En l’espèce, vu l’issue du recours, les frais judiciaires de deuxième instance, arrêtés à 400 fr. (art. 73 TFJC [tarif des frais judiciaires civils du 28 septembre 2010 ; BLV 270.11.5]), seront laissés à la charge de l’Etat (art. 107 al. 2 CPC).
L’Etat devra en outre verser à la recourante de pleins dépens de deuxième instance, évalués à 600 fr. (art. 3 et 8 TDC [tarif des dépens en matière civile du 23 novembre 2010 ; BLV 270.11.6]).
Par ces motifs,
la Chambre des recours civile du Tribunal cantonal,
prononce :
I. Le recours est admis.
II. Ordre est donné au Tribunal civil de l’arrondissement de l’Est vaudois de rendre un jugement d’ici au 14 avril 2024.

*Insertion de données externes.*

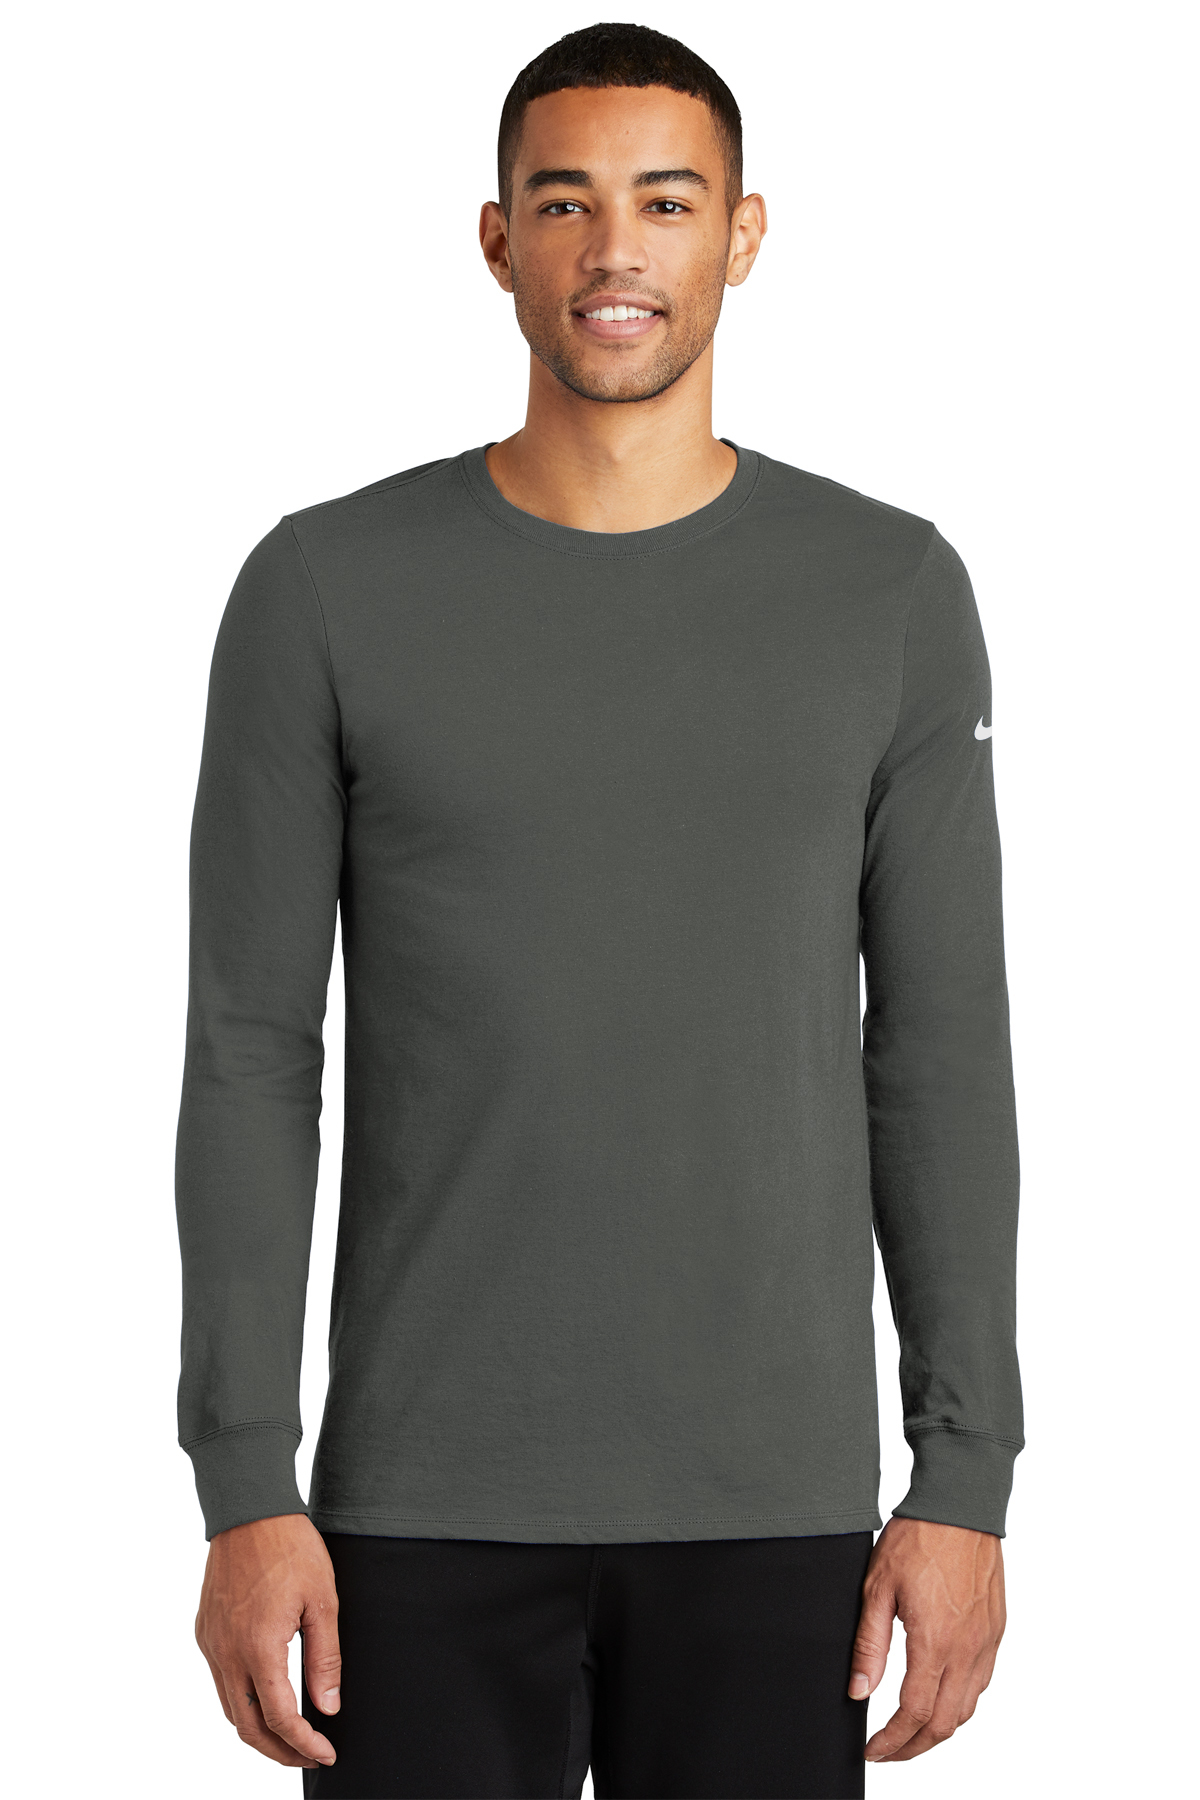 Nike Men's Pro Cool Dri-FIT Fitted Long-Sleeve Shirt - Macy's

III. Les frais judiciaires de deuxième instance, arrêtés à 400 fr. (quatre cents francs), sont laissés à la charge de l’Etat.
IV. L’Etat de Vaud versera à la recourante R.________ la somme de 600 fr. (six cents francs) à titre de dépens de deuxième instance.
V. L’arrêt est exécutoire.
La présidente : La greffière :
Du
L'arrêt qui précède, dont la rédaction a été approuvée à huis clos, est notifié à :
‑ Me Joël Crettaz (pour R.________),
‑ Me Jérôme Reymond (pour M.________).
Le présent arrêt peut faire l'objet d'un recours en matière civile devant le Tribunal fédéral au sens des art. 72 ss LTF (loi du 17 juin 2005 sur le Tribunal fédéral – RS 173.110), cas échéant d'un recours constitutionnel subsidiaire au sens des art. 113 ss LTF. Dans les affaires pécuniaires, le recours en matière civile n'est recevable que si la valeur litigieuse s'élève au moins à 15'000 fr. en matière de droit du travail et de droit du bail à loyer, à 30'000 fr. dans les autres cas, à moins que la contestation ne soulève une question juridique de principe (art. 74 LTF). Ces recours doivent être déposés devant le Tribunal fédéral dans les trente jours qui suivent la présente notification (art. 100 al. 1 LTF).
Cet arrêt est communiqué, par l'envoi de photocopies, à :
‑ Madame la Présidente du Tribunal civil de l’arrondissement de l’Est vaudois.